Por fin llegó una vocecita débil y chillona («Es la de Bill», pensó Alicia).

—Bueno, casi ni me enteré… No más…, gracias; ya estoy mejor… Pero demasiado aturdido para contároslo… Lo único que sé es que algo, como movido por un resorte, me impulsó ¡y salí disparado como un cohete!
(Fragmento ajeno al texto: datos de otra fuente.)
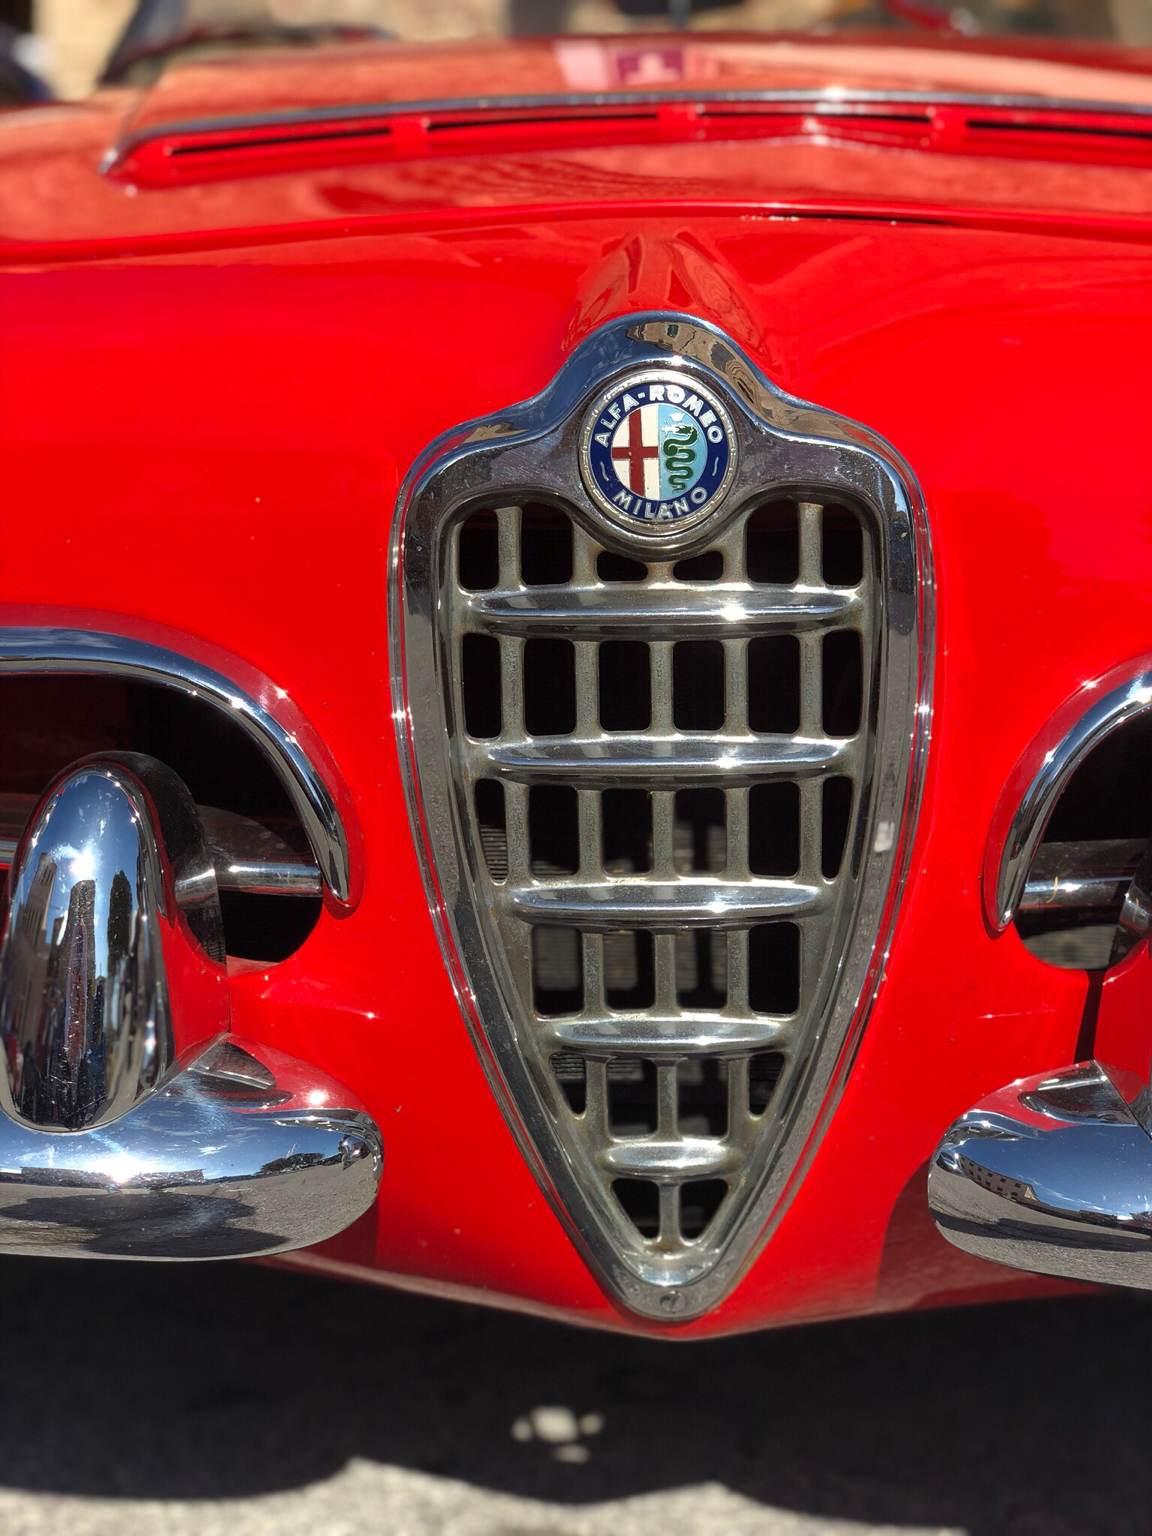 foto 5° raduno Alfa Romeo nella Vallesina 7/8 settembre 2019 - 5

—Así fue ¡realmente! —dijeron los otros.

—¡Hay que prender fuego a la casa! —dijo la voz del Conejo, y Alicia gritó con todas sus fuerzas:

—Si lo hacéis ¡os soltaré a Dina!

Se hizo al instante un silencio mortal y Alicia pensó: «¿Qué irán a hacer ahora? Si fueran un poquitín sensatos, quitarían el tejado». Al cabo de uno o dos minutos, empezaron a moverse nuevamente, y Alicia oyó que el Conejo decía:

—Bastará con una carretilla, para empezar.

«Una carretilla ¿de qué?», pensó Alicia. Pero sus dudas se aclararon pronto, porque al poco una lluvia de piedrecitas sacudió la ventana, y algunas le dieron en la cara. «Voy a poner punto final a todo esto», se dijo, y gritó:

—¡Mejor será que no se repita! —lo cual produjo un nuevo silencio.